> _To do_
Every line of the data should be written out exactly, with the pictures left out.

> _Source data_
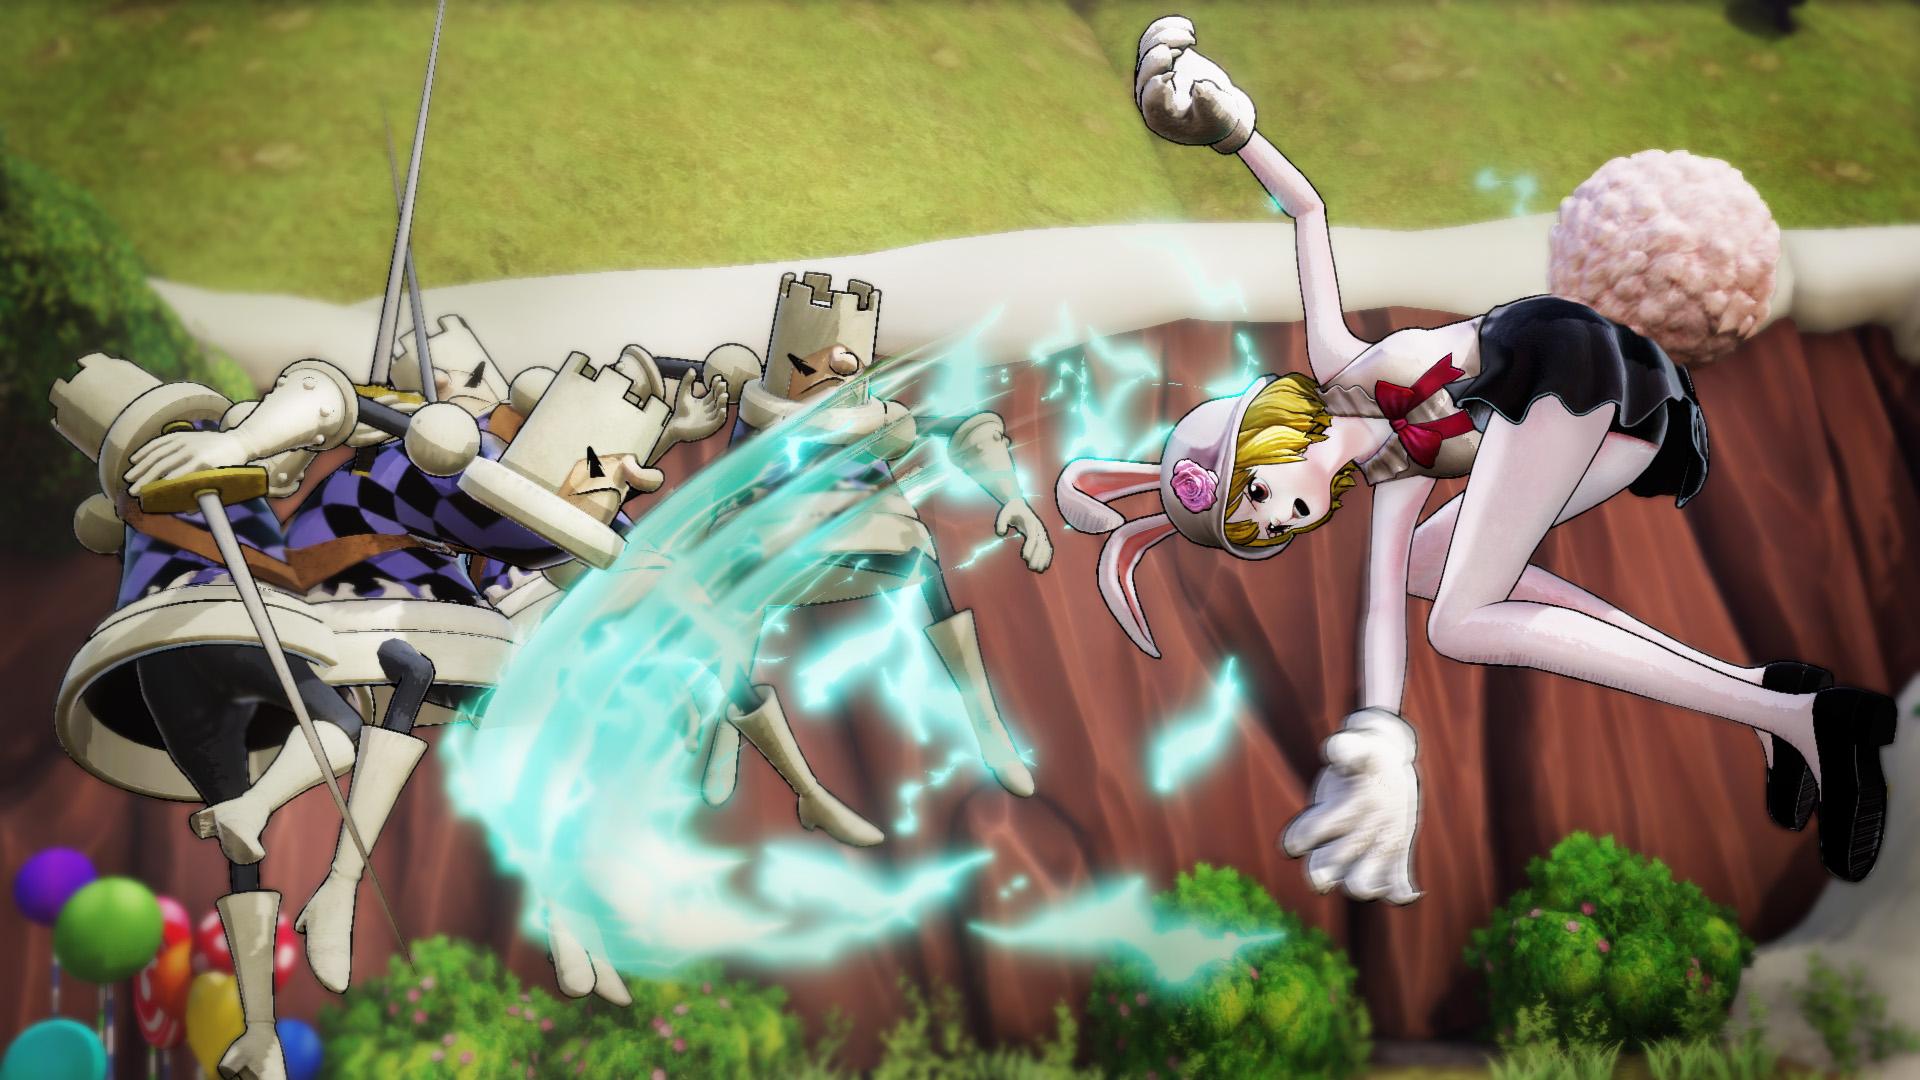 One_Piece_Pirate_Warriors_4_-_Screenshot_3_1568189175.jpg
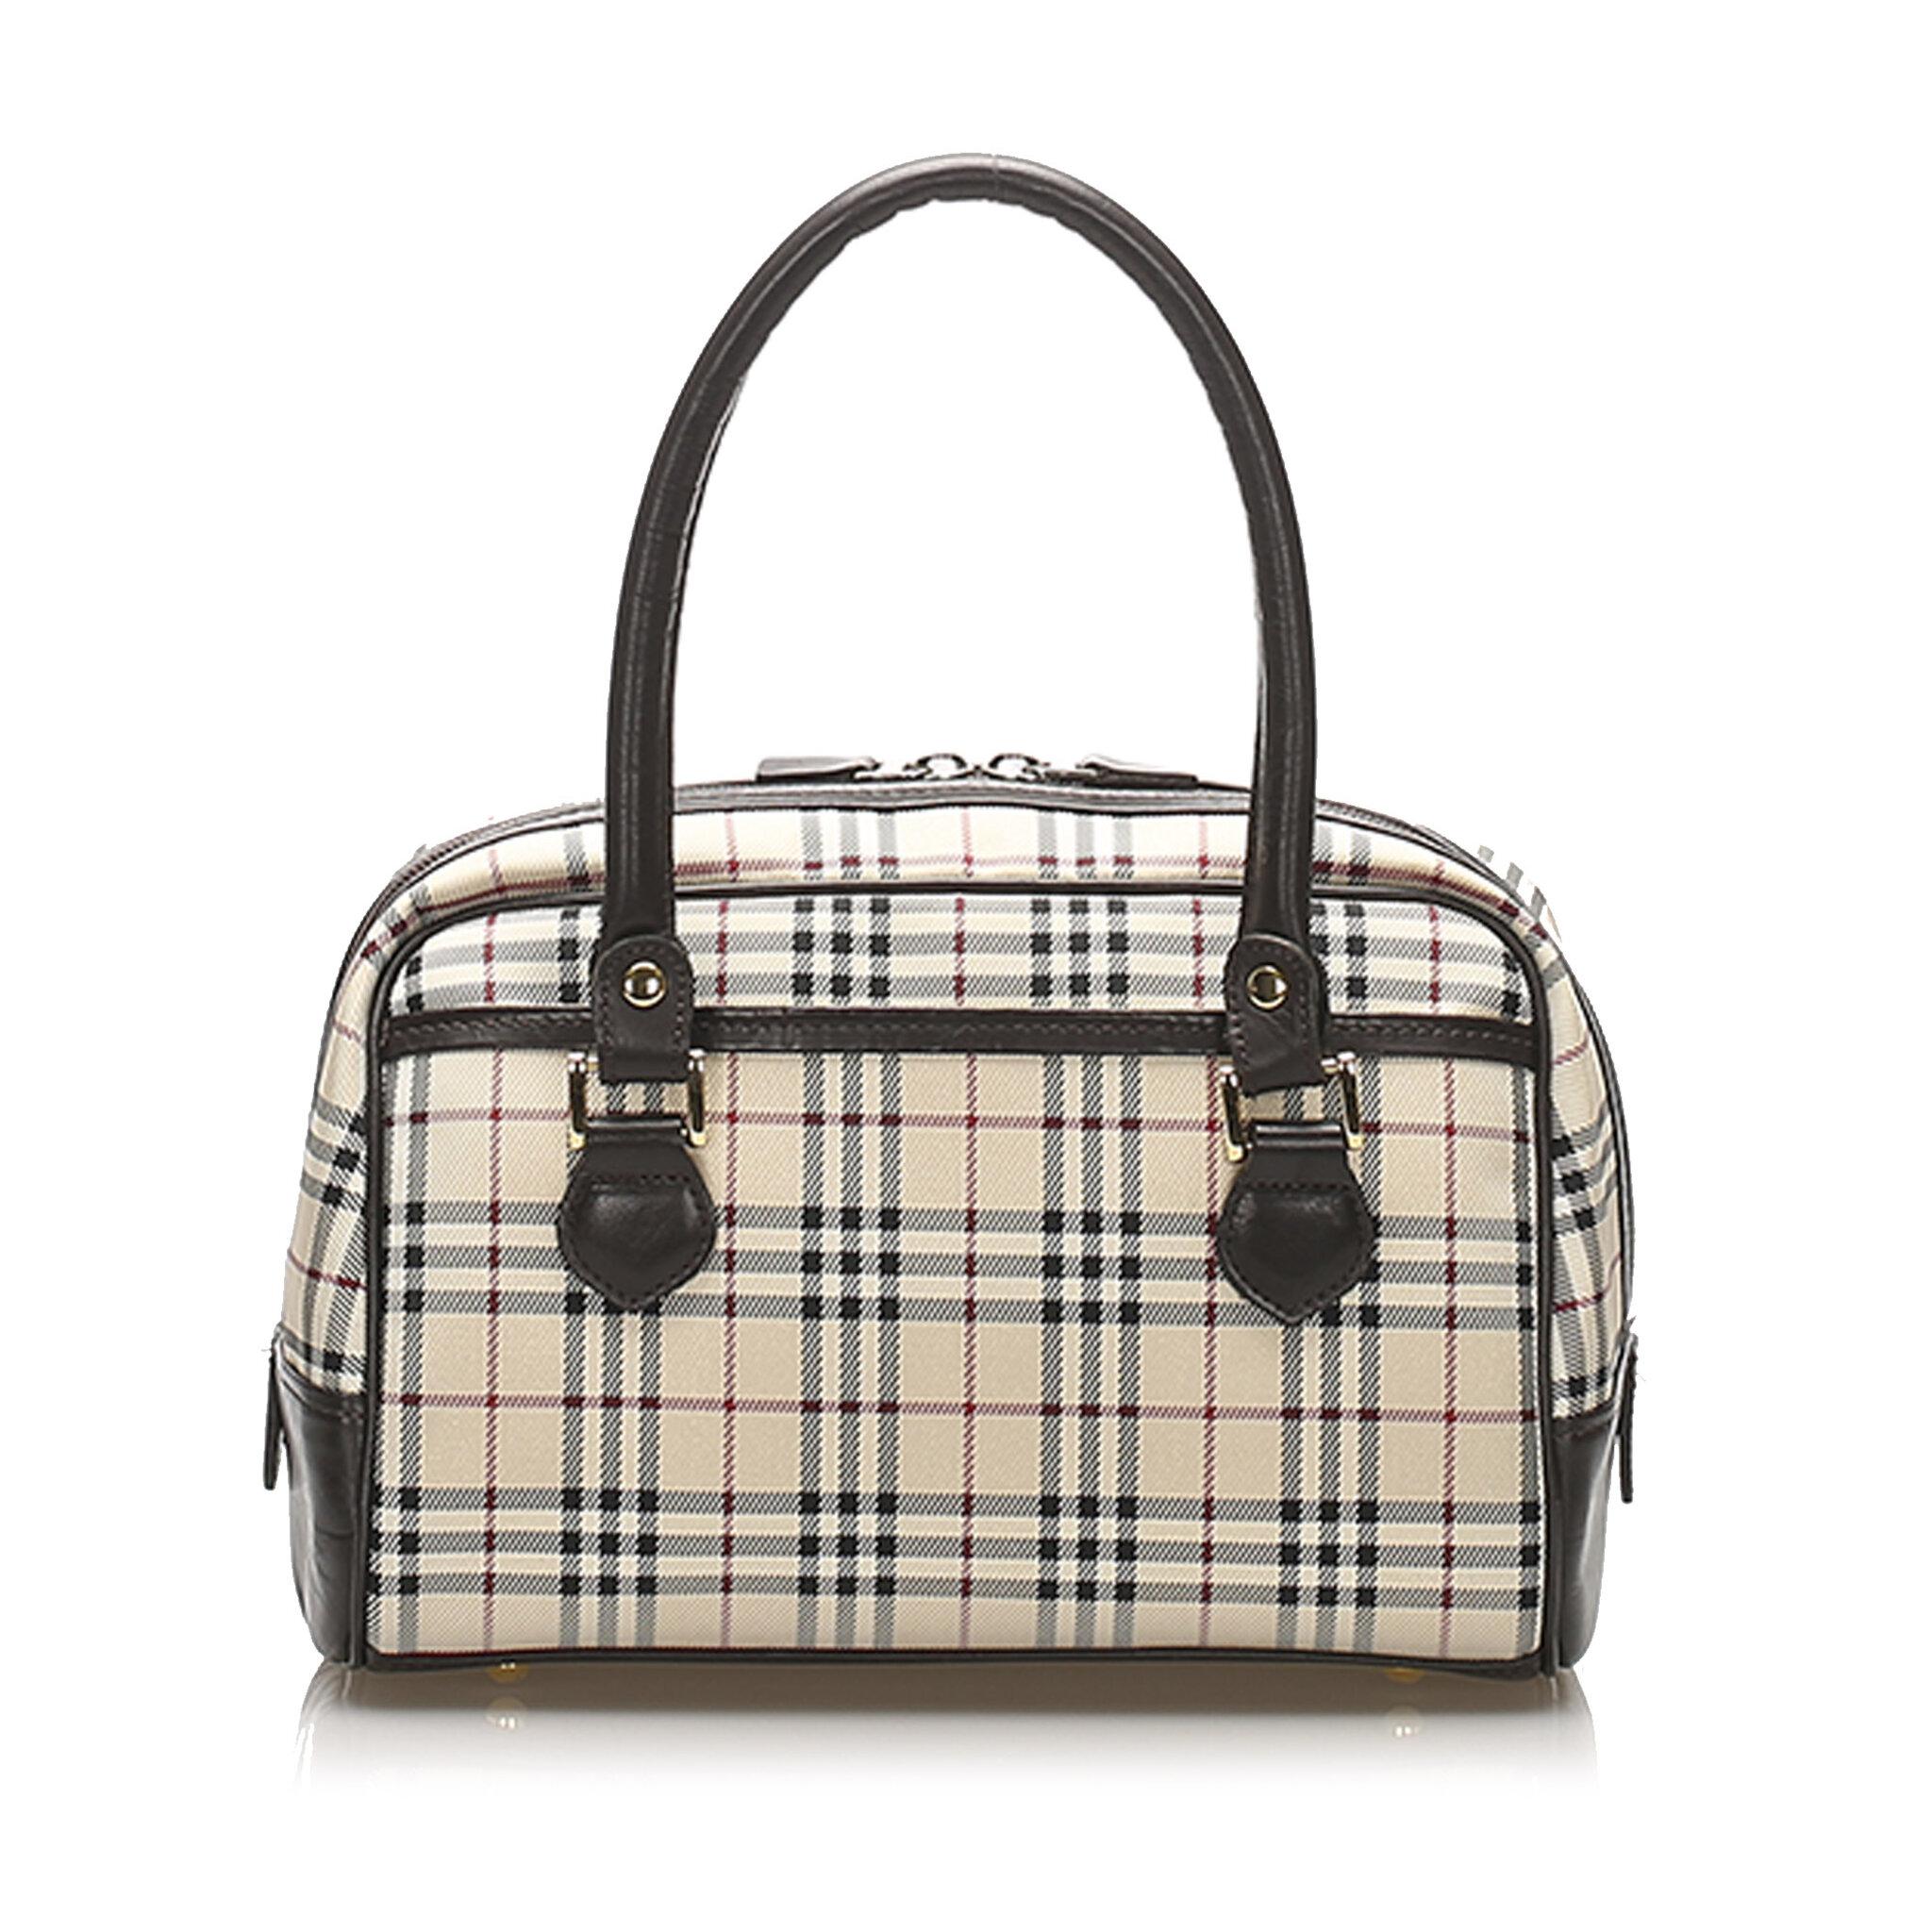 Burberry House Check Nylon Handbag
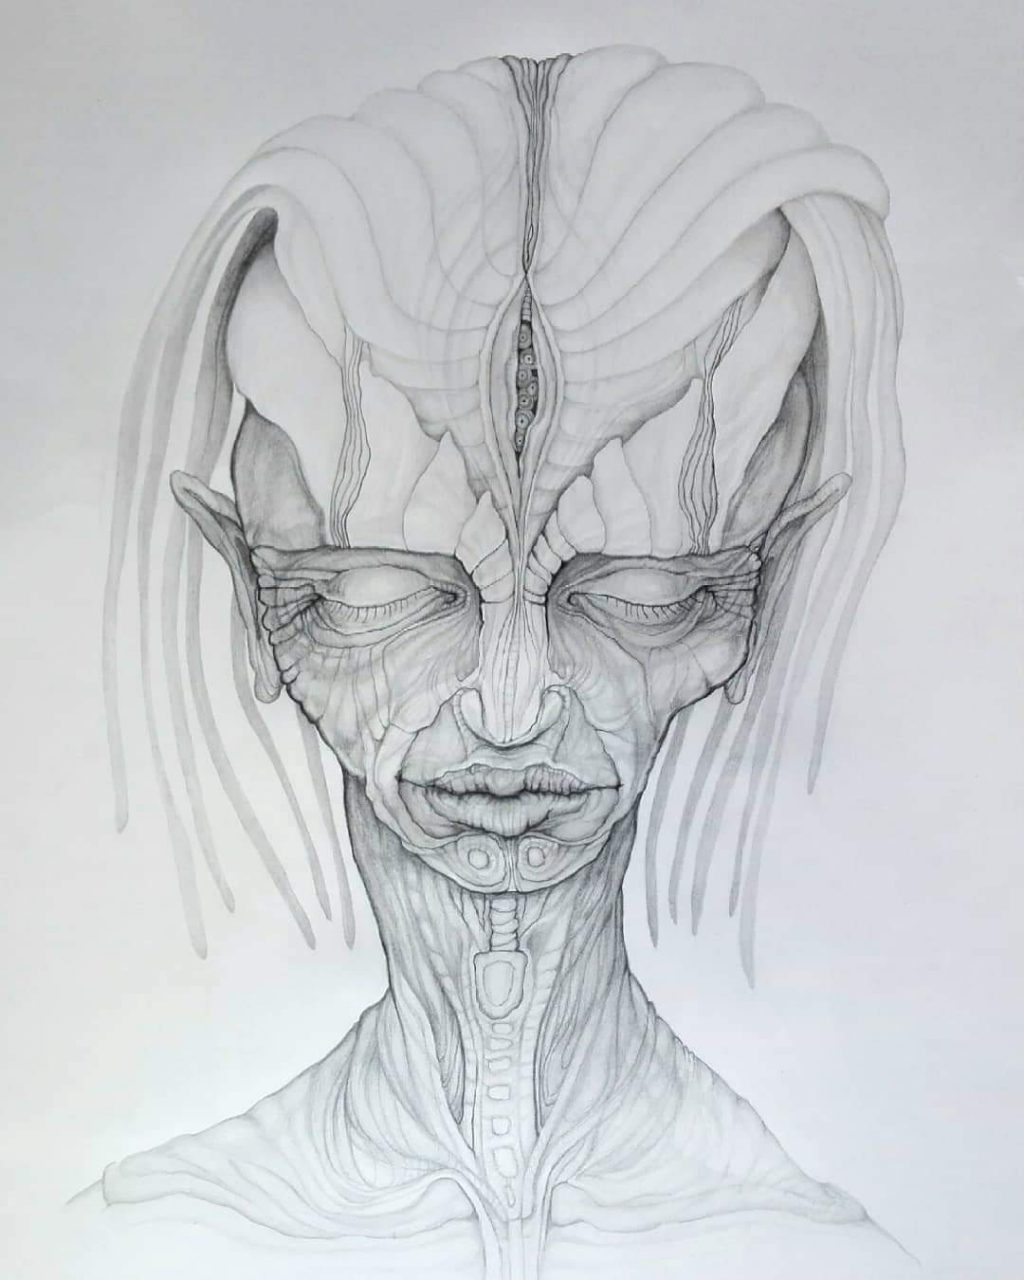 2019, 70 x 50 cm, pencil drawing

> _Exercise answer_
 One_Piece_Pirate_Warriors_4_-_Screenshot_3_1568189175.jpg
 Burberry House Check Nylon Handbag
 2019, 70 x 50 cm, pencil drawing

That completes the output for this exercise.